The web will never offer a replacement to the experience of sitting down in the morning with a cup of coffee and something for breakfast while reading a newspaper. Learning about the world this way, to say nothing of challenging a preconceived point of view with an intelligent counter argument, is one of the fundamental means of obtaining information to make informed political decisions. That is why I do not celebrate what looks to be the eventual demise of “dead-tree media.”

Though Huffington has a news staff (it is tiny, but the hope is to expand in the future), the vast majority of the stories that it features originate elsewhere, whether in print, on television, or on someone’s video camera or cell phone. The editors link to whatever they believe to be the best story on a given topic. Then they repurpose it with a catchy, often liberal-leaning headline and provide a comment section beneath it, where readers can chime in. Surrounding the news articles are the highly opinionated posts of an apparently endless army of both celebrity (Nora Ephron, Larry David) and non-celebrity bloggers—more than eighteen hundred so far. The bloggers are not paid. The over-all effect may appear chaotic and confusing, but, (Kenneth) Lerer (one of HuffPo’s founders) argues, “this new way of thinking about, and presenting, the news, is transforming news as much as CNN did thirty years ago.” Arianna Huffington and her partners believe that their model points to where the news business is heading. “People love to talk about the death of newspapers, as if it’s a foregone conclusion. I think that’s ridiculous,” she says. “Traditional media just need to realize that the online world isn’t the enemy. In fact, it’s the thing that will save them, if they fully embrace it.”



Arthur Miller once described a good newspaper as “a nation talking to itself.” If only in this respect, the Huffington Post is a great newspaper. It is not unusual for a short blog post to inspire a thousand posts from readers—posts that go off in their own directions and lead to arguments and conversations unrelated to the topic that inspired them. Occasionally, these comments present original perspectives and arguments, but many resemble the graffiti on a bathroom wall.

The notion that the Huffington Post is somehow going to compete with, much less displace, the best traditional newspapers is arguable on other grounds as well.
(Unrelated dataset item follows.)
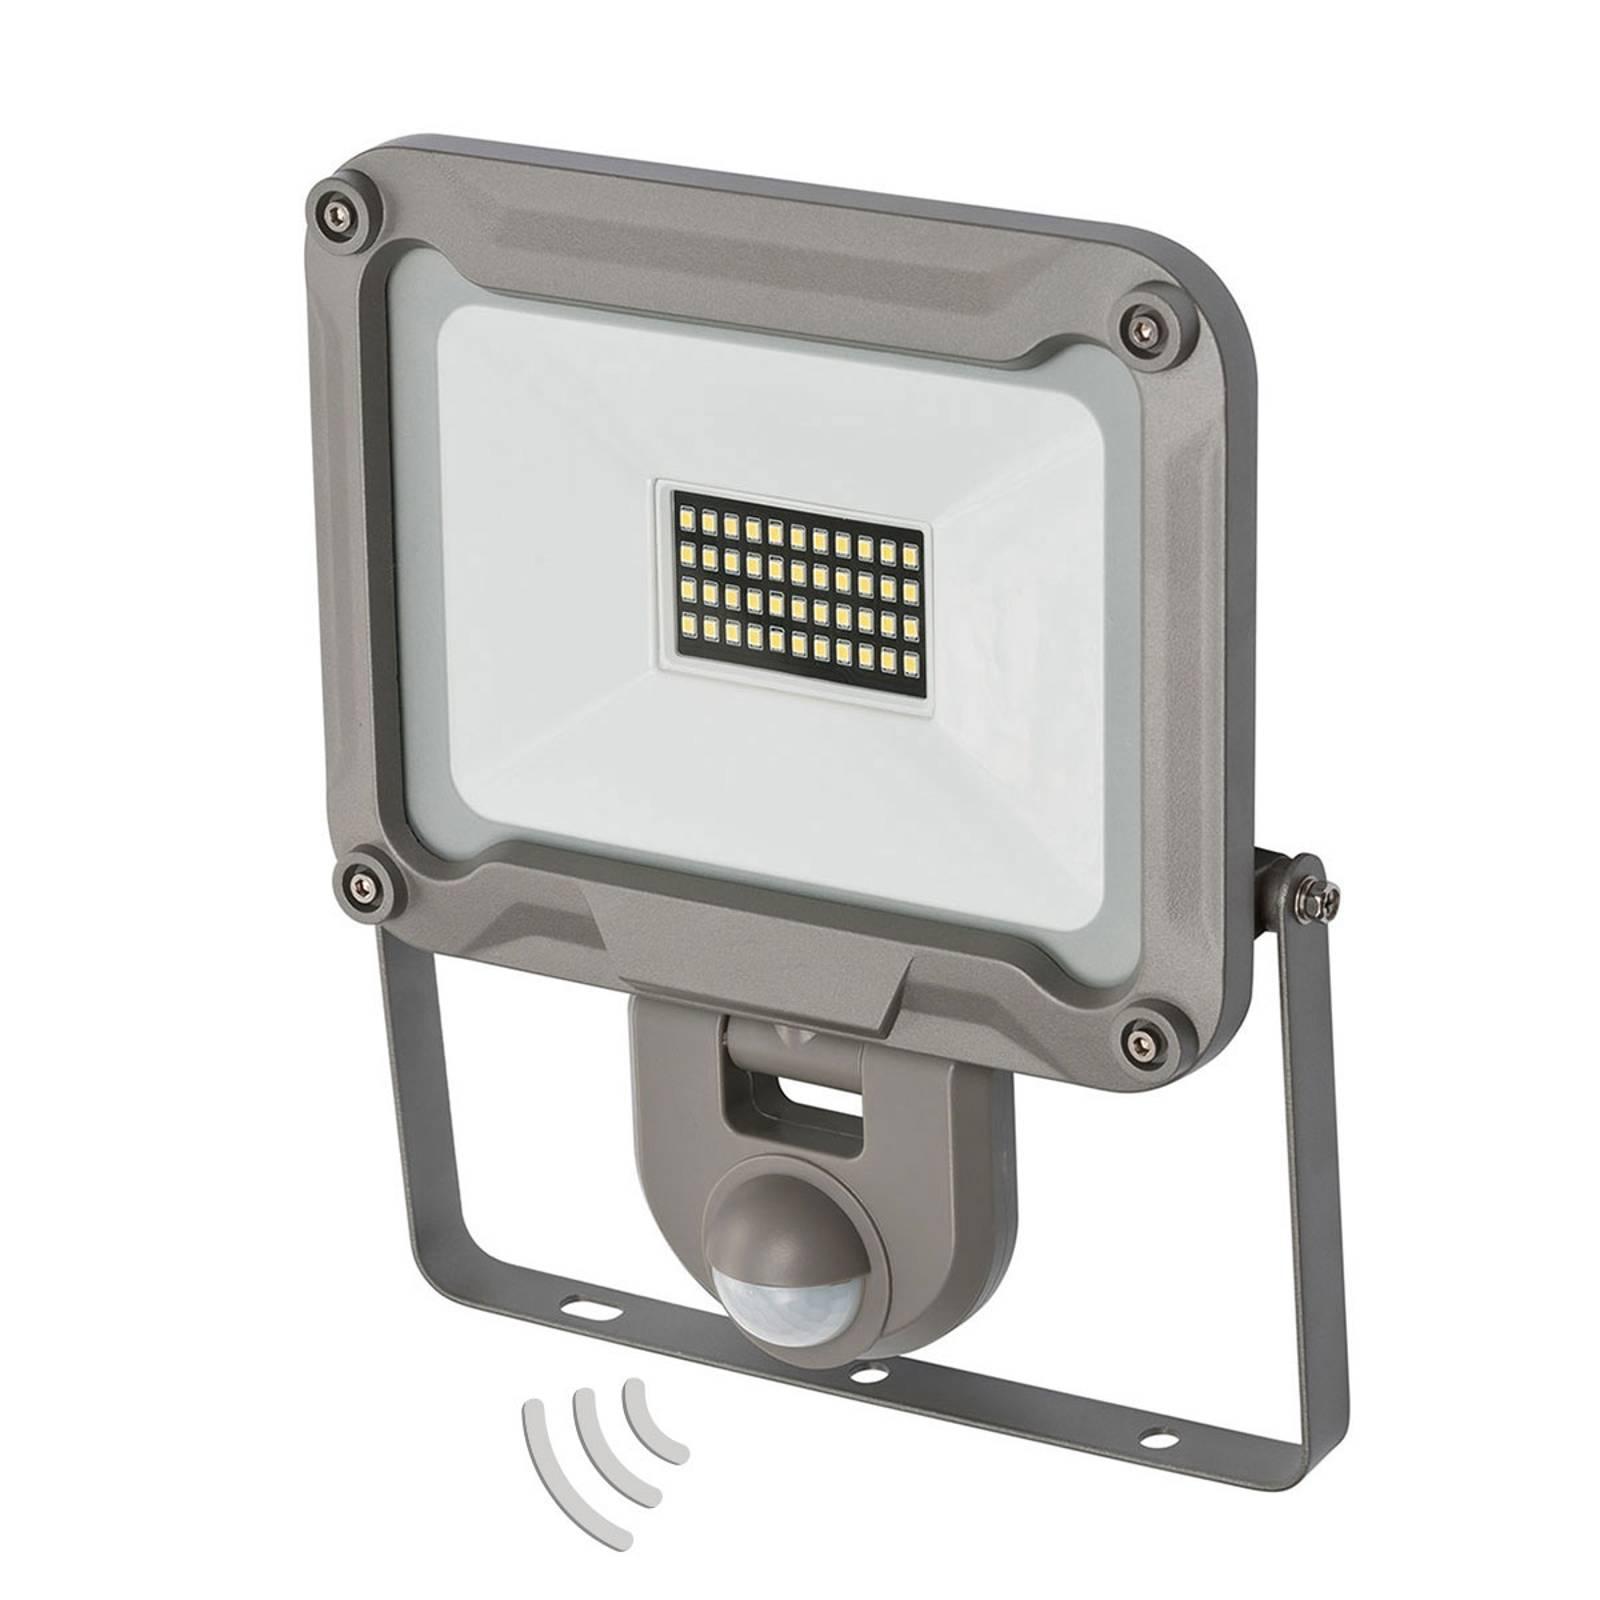 LED-ulkokohdevalaisin Jaro tunnistimella IP44 30W

The site’s original-reporting resources are minuscule. The site has no regular sports or book coverage, and its entertainment section is a trashy grab bag of unverified Internet gossip. And, while the Huffington Post has successfully positioned itself as the place where progressive politicians and Hollywood liberal luminaries post their anti-Bush Administration sentiments, many of the original blog posts that it publishes do not merit the effort of even a mouse click.
I definitely wouldn’t say that about Schaeffer’s post; his arguments show some thought and reflection even though I think he’s fundamentally wrong. But it is fortunate that he can make his case and receive feedback in real time, which is one of the few advantages I would give to online media versus its print counterpart.

And the point of this post is also not to slam Arianna Huffington, by the way. Even though I grow ever more annoyed by her site’s preoccupation with quasi-literate celebrity pontifications (should I really care what Larry David thinks of Dick Cheney?), gossipy celebrity tripe and an ever-escalating amount of intrusive popup ads, I know she’s “altering the landscape” in favor of a participatory exchange of ideas tilted somewhat towards a progressive point of view.

And if our corporate media as a whole bothered to give the time of day to those with our political orientation, then there might not be a need for her site (or many blogs I guess, possibly even this one also) to even exist. But we do, and she does, and more often than not (but not always), her voice is ours as well.